→ **PROVIDED MATERIAL**:
+ + + + +
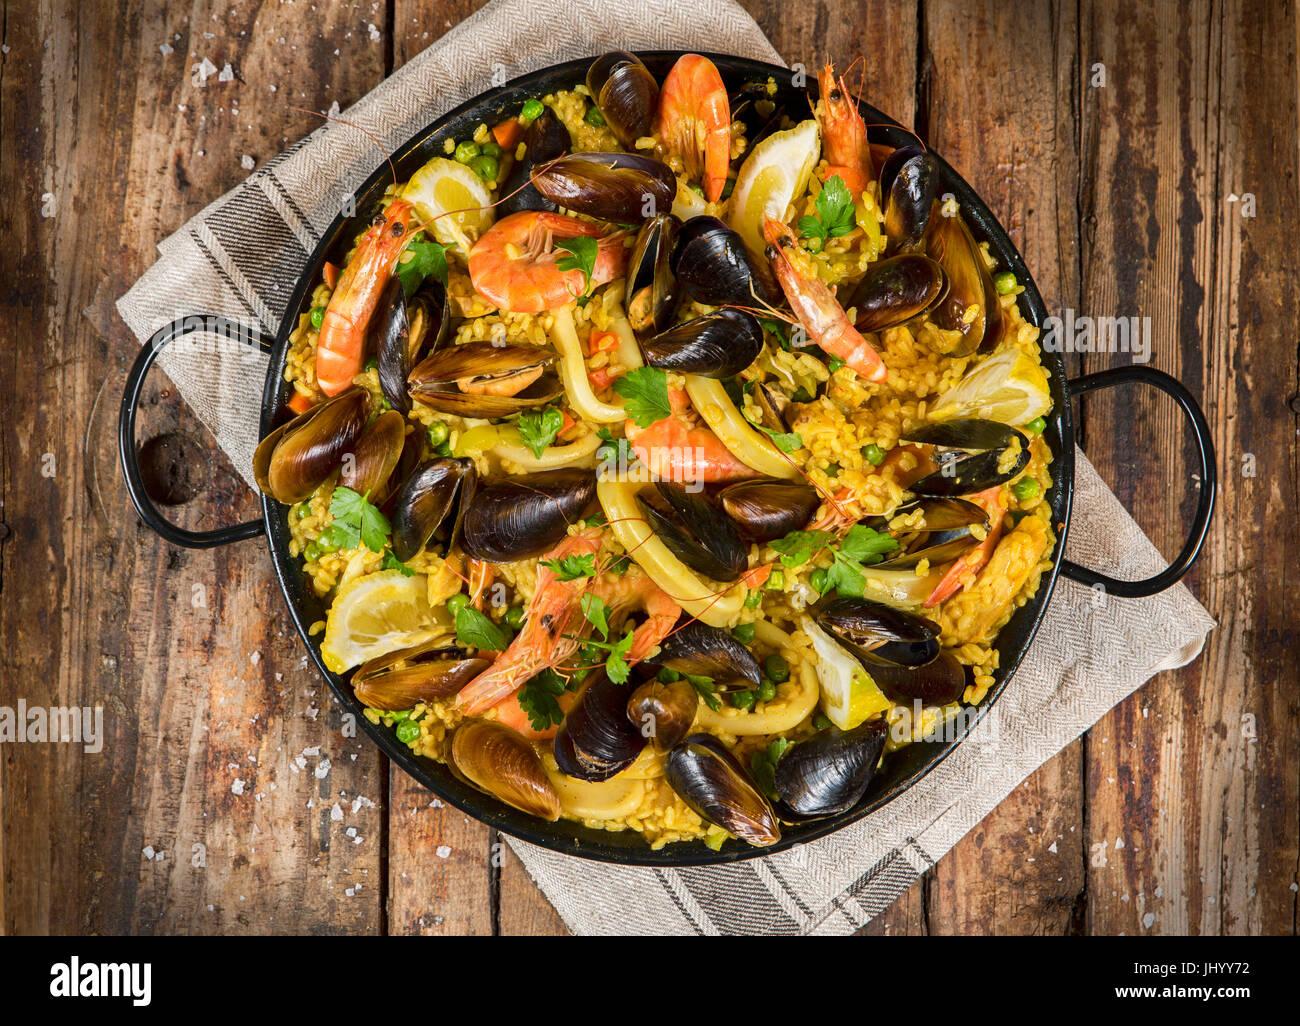 La tradicional paella Española rústica Foto de stock
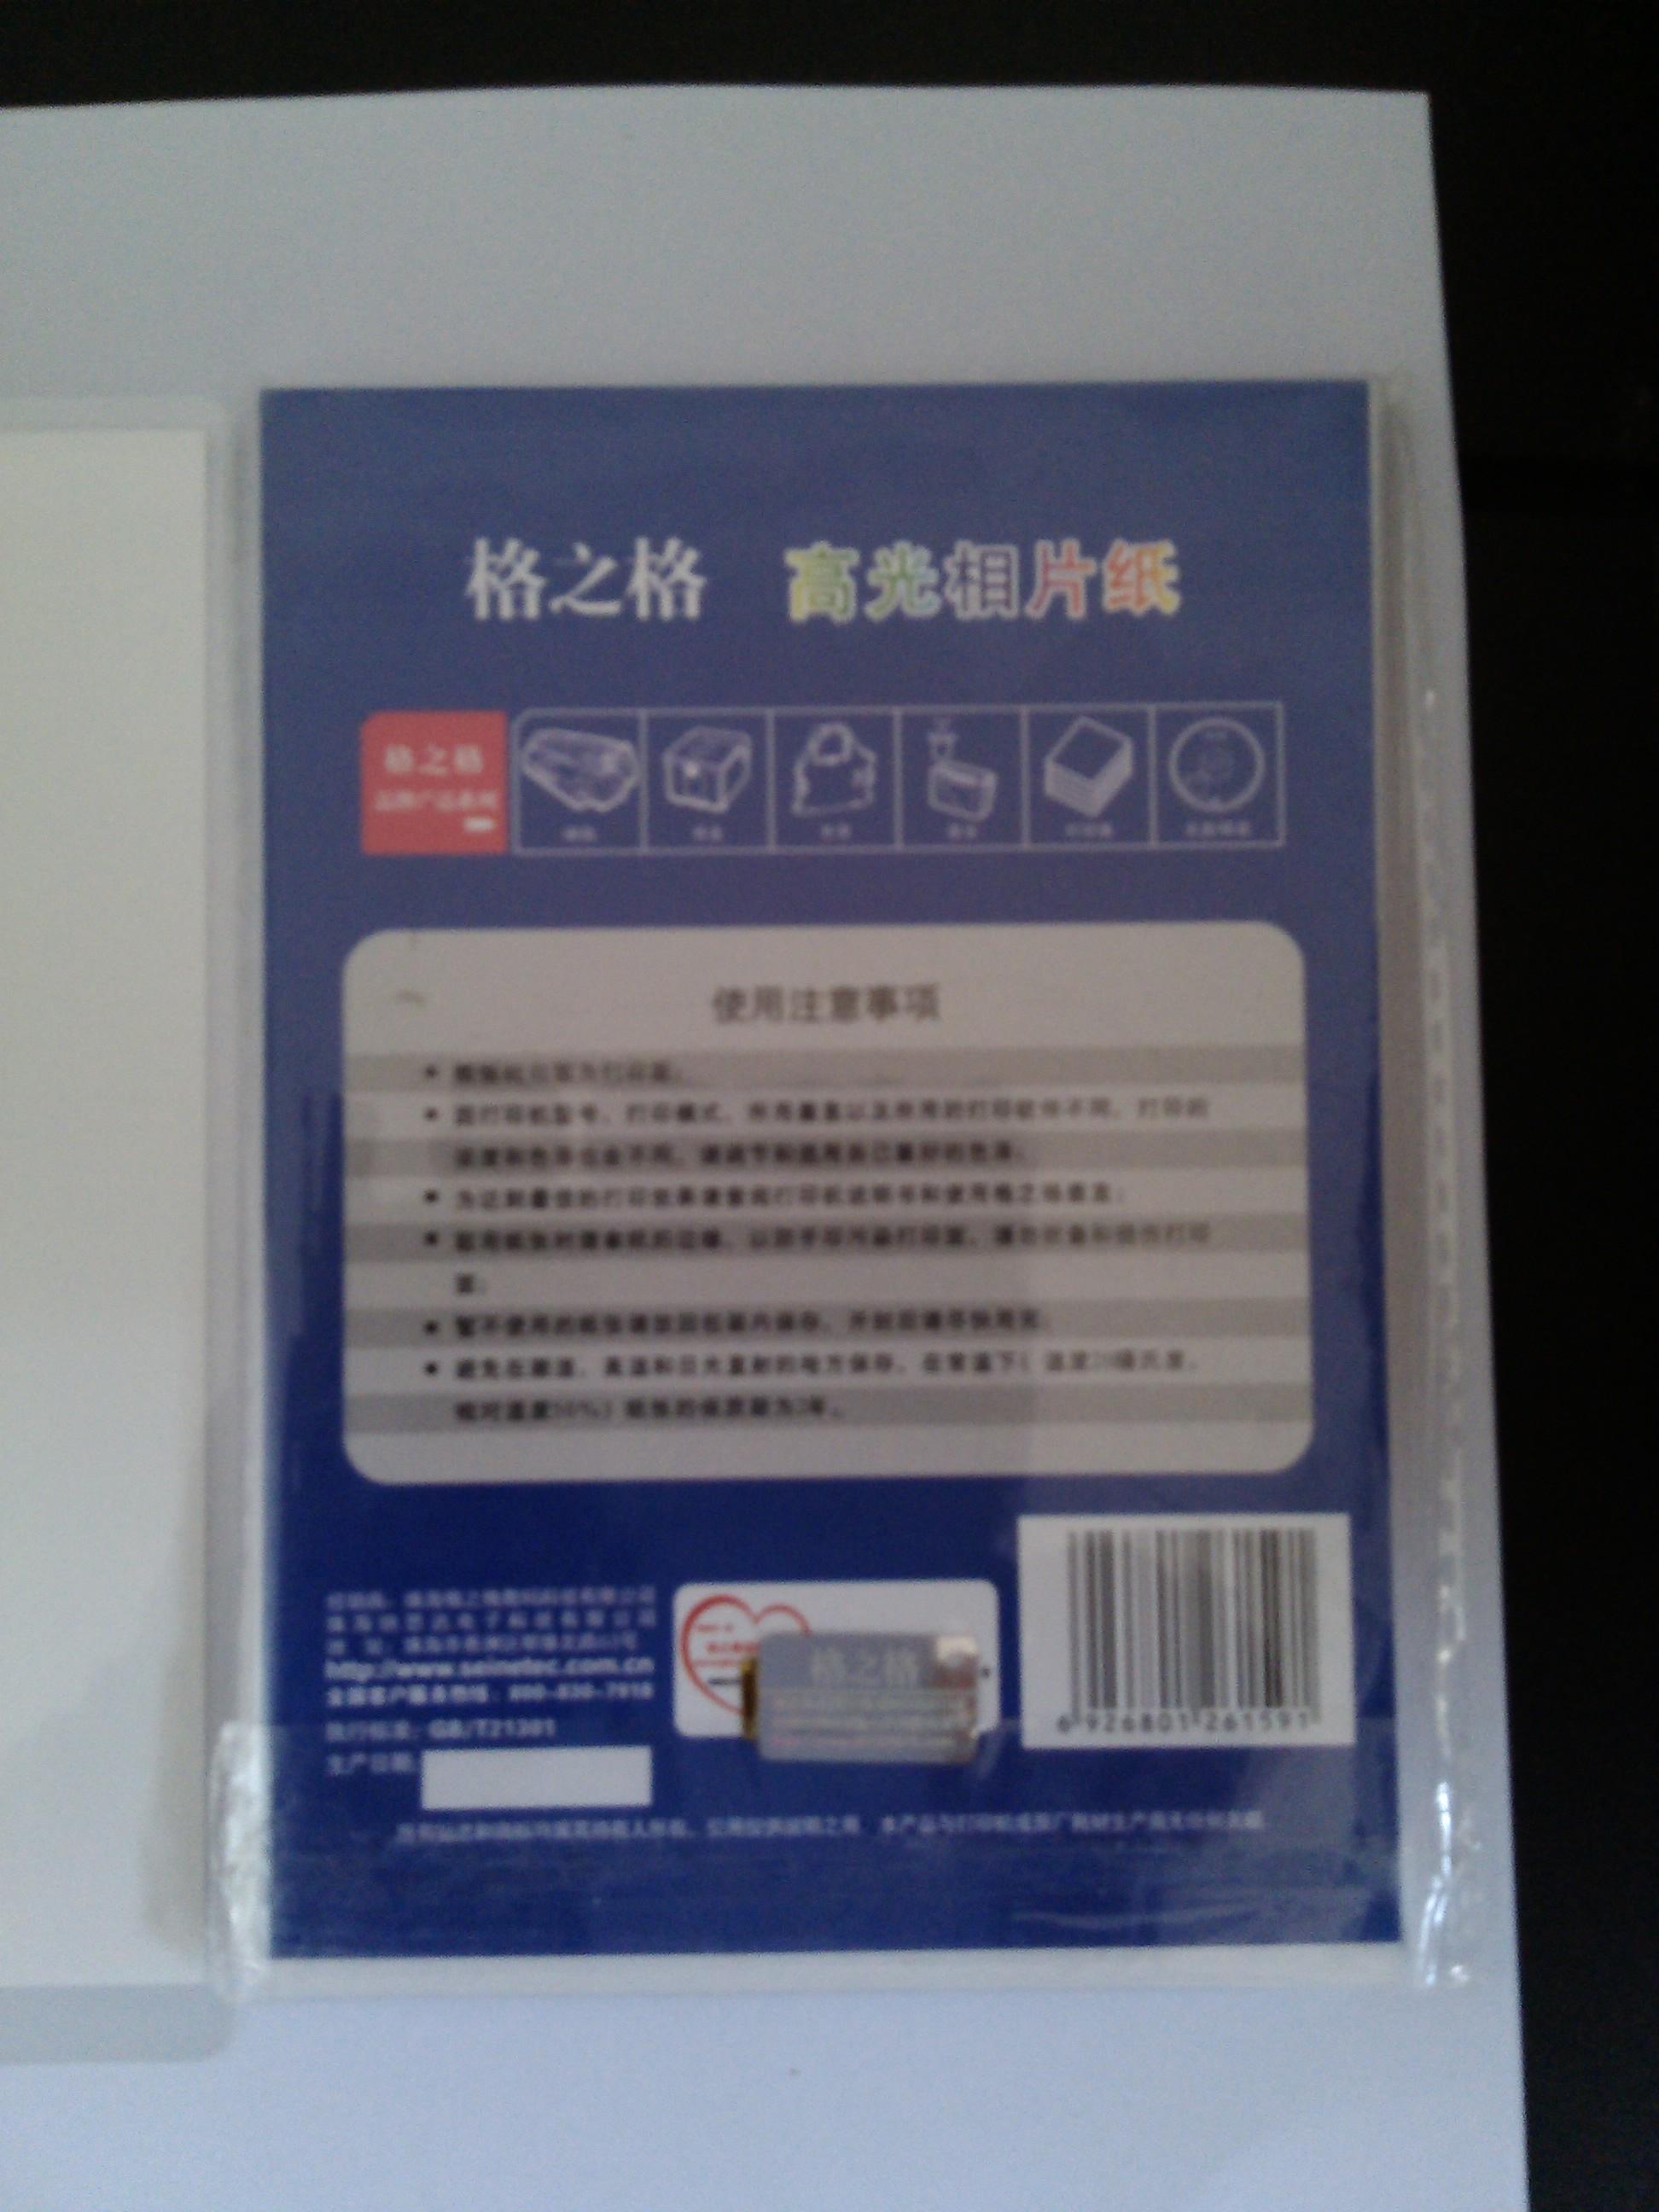 buy air max 1 og 00999436 store
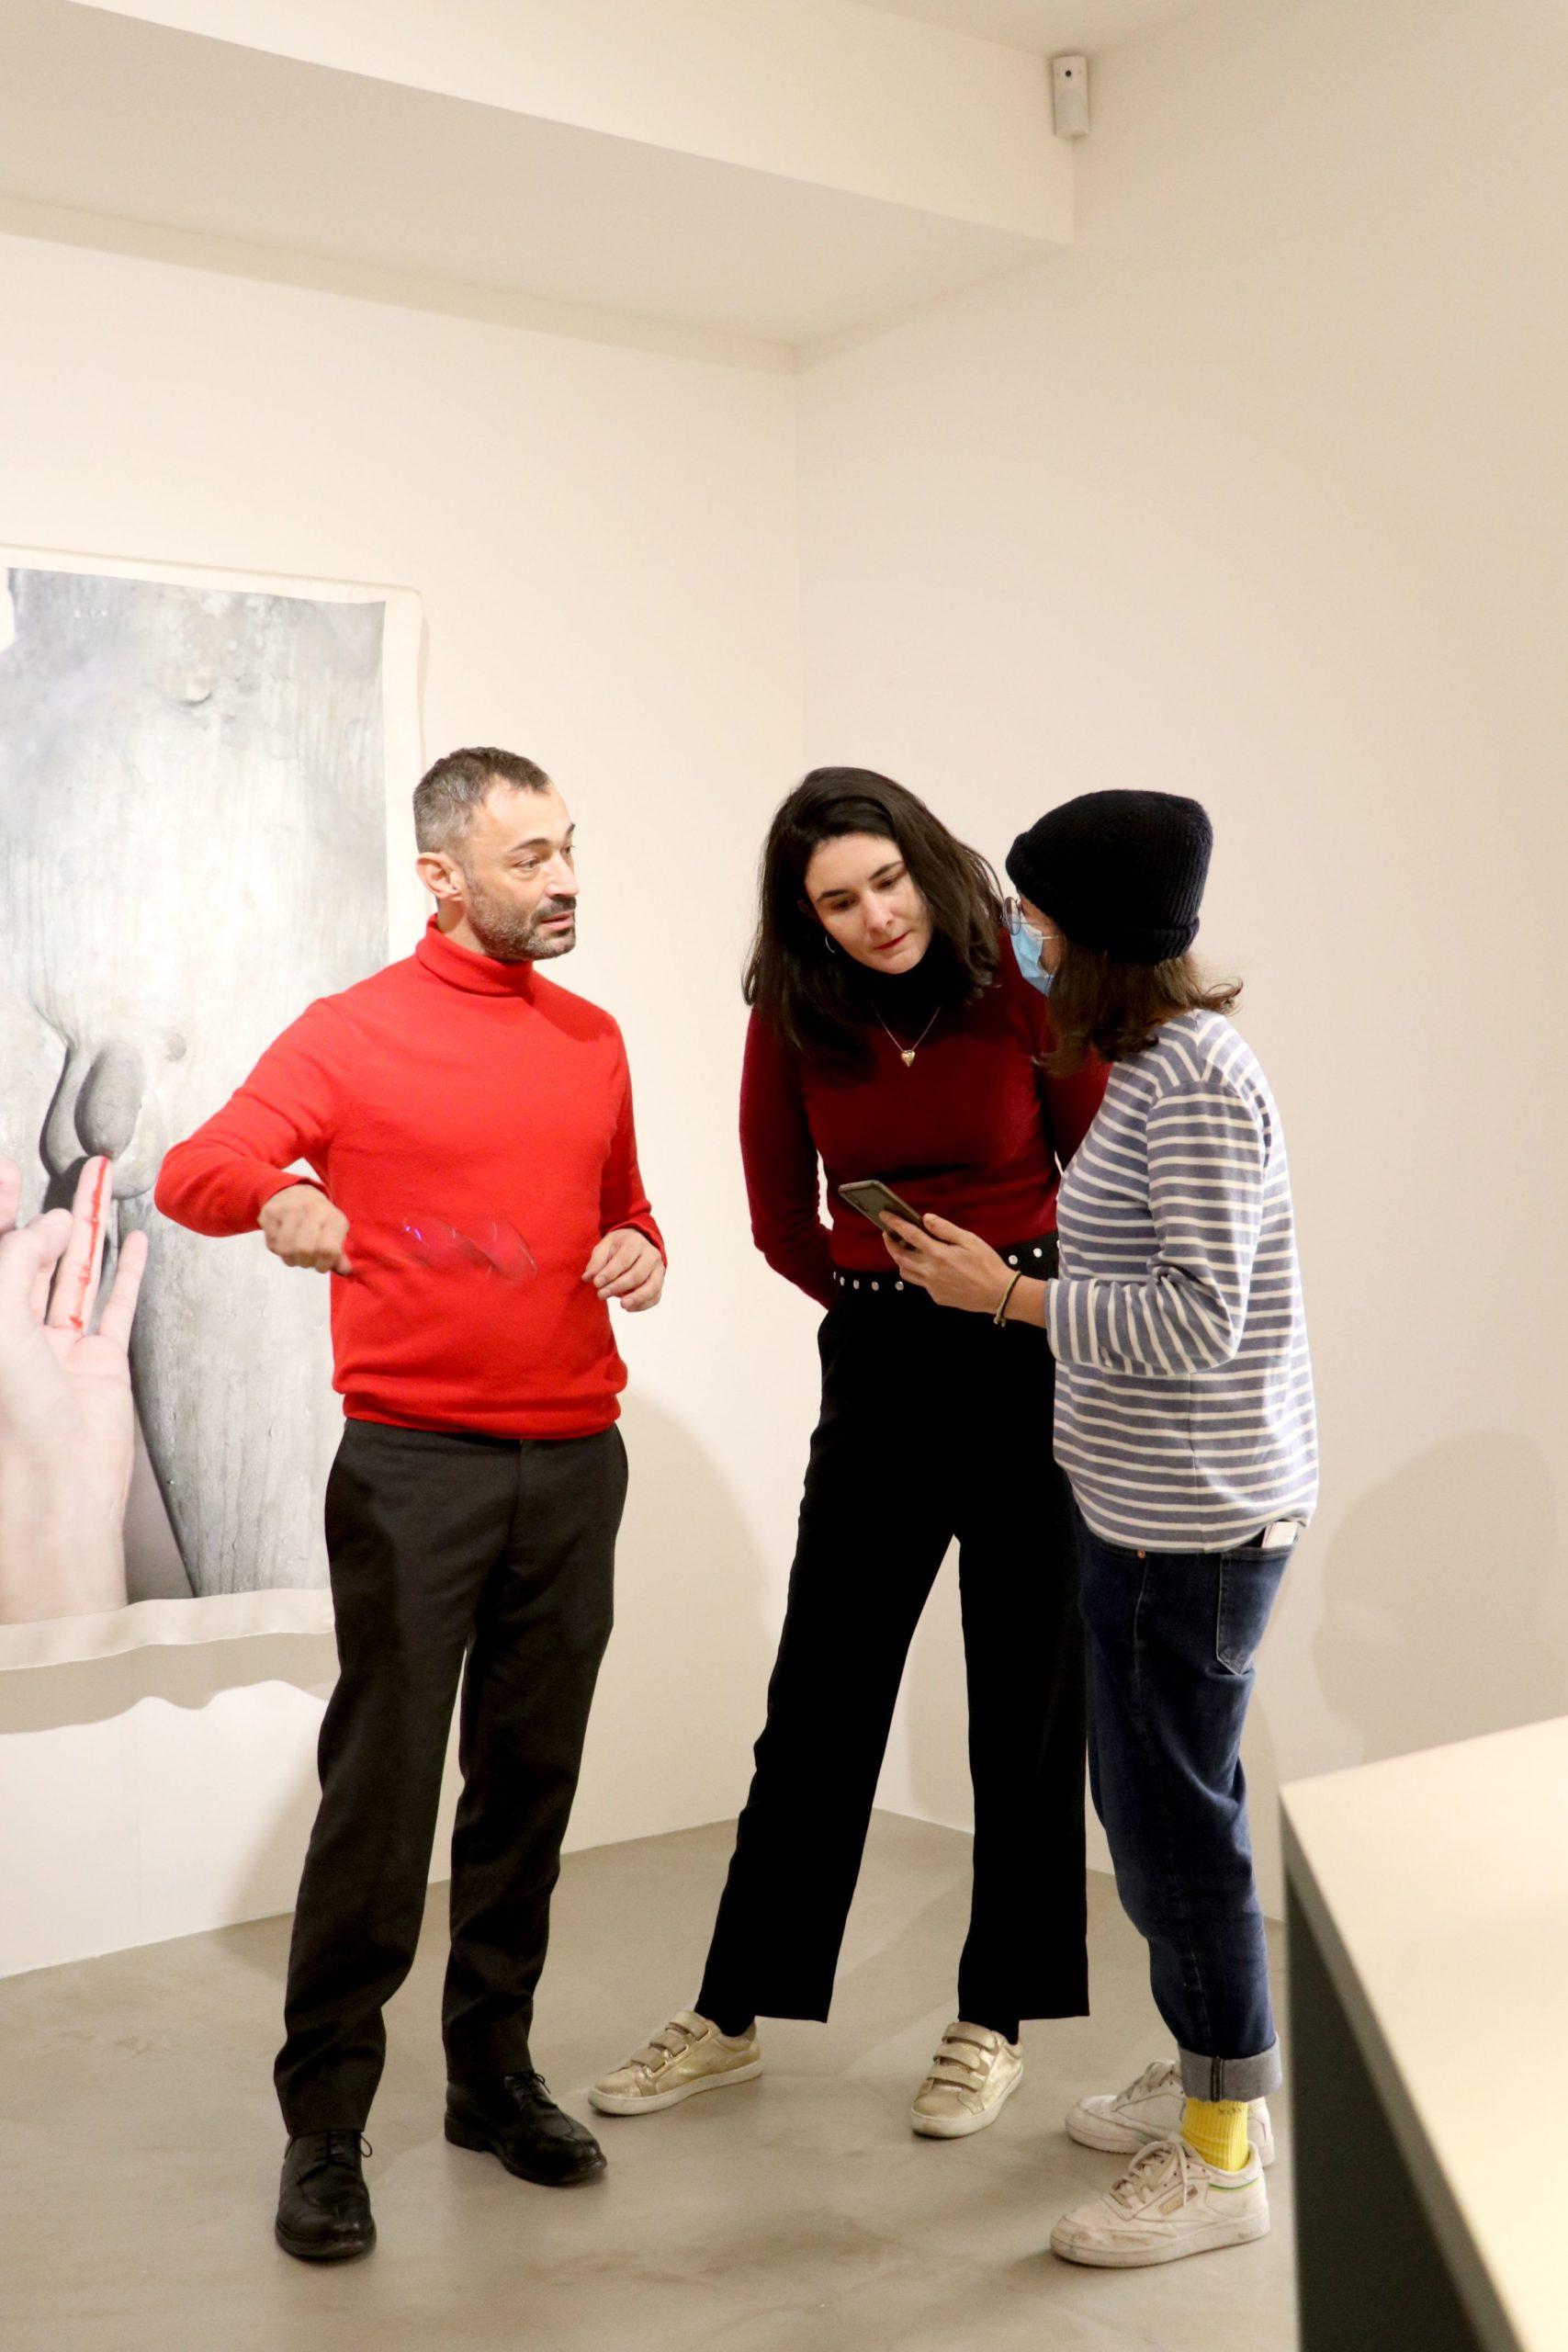 Galerie Poggi Nikita Kadan The Day Of Blood © CLAD / THE FARM
+ + + + +
Exact output of each line above is wanted, without the pictures.

→ **RESPONSE BOX**:
 La tradicional paella Española rústica Foto de stock
 buy air max 1 og 00999436 store
 Galerie Poggi Nikita Kadan The Day Of Blood © CLAD / THE FARM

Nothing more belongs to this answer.